There have been many excellent new books that have looked at the emerging science of positive psychology and happiness. As a graduate of Martin Seligman and Ben Dean’s Authentic Happiness Coaching Program, I have been following the happiness research closely. A new book by a former President of Harvard University, Derek Bok, offers a common sense look at the factors that interfere with personal happiness.
I won’t go into a detailed review of the book because you can get that elsewhere. In this very practical and well-researched book, Bok has identified three key happiness contaminating factors that fit with my clinical experience as a family therapist, coach, and community builder over the past two decades. They are chronic pain, mental illness, and sleep deprivation. Folks that suffer from one or all of these things have their ability to experience happiness compromised. It stands to reason that the more severe the pain, mental illness, or sleep deprivation, the more severe the unhappiness, or at least the ability to experience happiness.
Much of the work I have done over the past two decades has been directed at ameliorating the cultural conditions that lead to depression and anxiety, the most common forms of mental illness. In my opinion, sleep deprivation and pain are quite often connected to depression and anxiety.
Depressogenesis explores the environmental/cultural factors that lead to depression. My belief is that we live in a toxic culture that causes depression (and sleep deprivation and chronic pain) and that we are barking up the wrong tree by looking for tertiary solutions instead of attempting to change the culture to make it less depressogenic – more amenable to creating happiness. Thus, my book in process, Discovering Possibility, that addresses this issue in a systemic way.

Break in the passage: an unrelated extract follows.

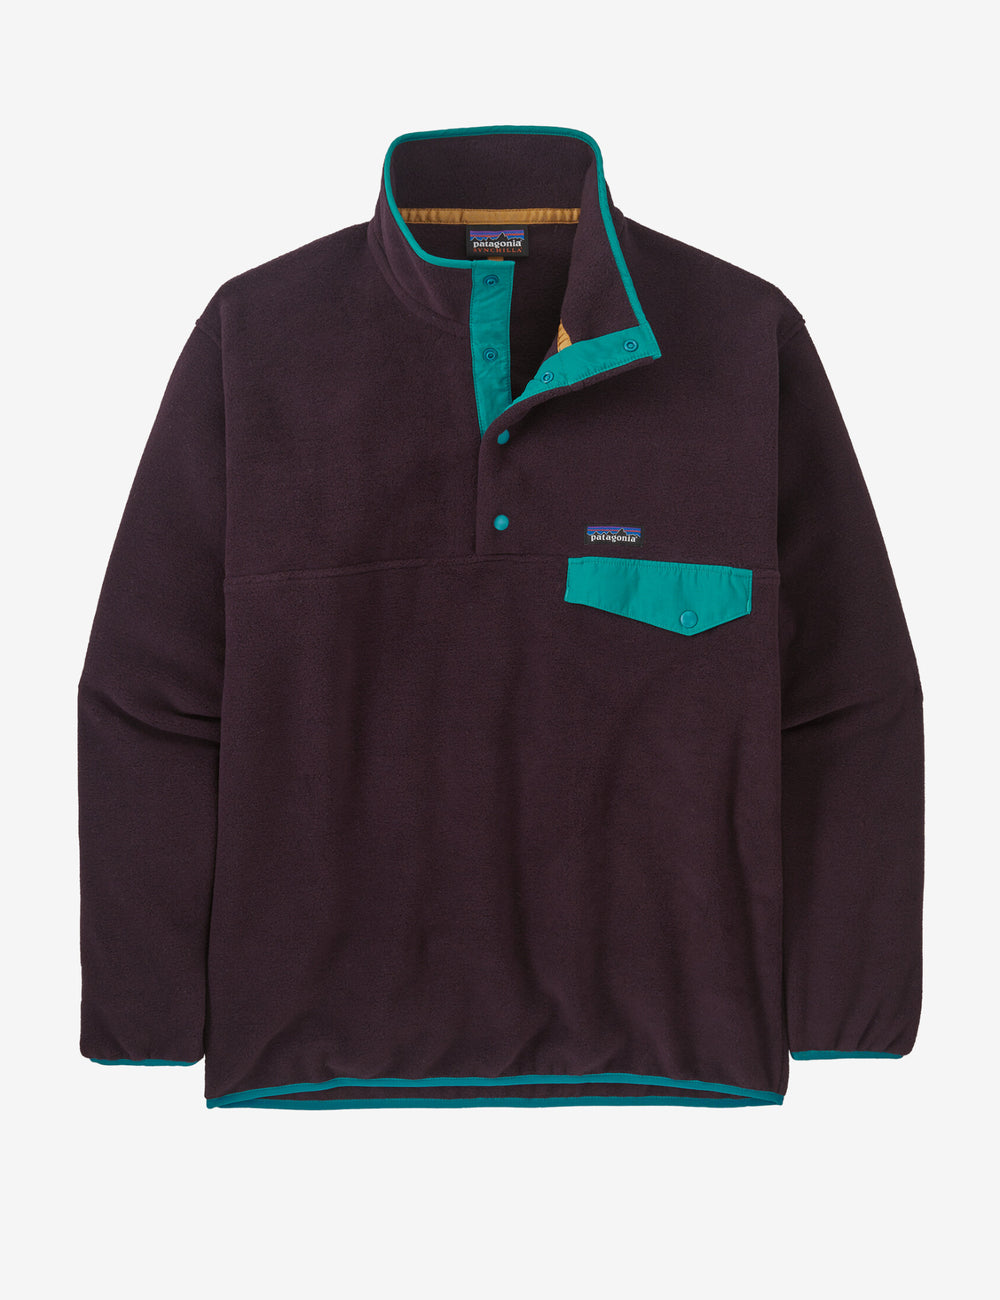 Patagonia Synchilla Snap-T Pullover - Obsidian Plum | Urban Excess

My advice to readers is that you must adopt a counter-cultural stance if you want to find more happiness for yourself. Yes, it is prudent to adopt all of the self-help recommendations you hear about that can help you deal with pain, mental illness, and sleep deprivation, and I will not review them here. Certainly, there are times when it is critical that you seek professional mental health treatment. But in my opinion, the best thing you can do to find more happiness is to design an intentional, counter-cultural, individual happiness plan, and utilize anchors in your life to help you stay true to your new convictions. And join the growing ranks of citizens who are part of the American restoration movement so that you can also be an empowered change agent for a healthier community.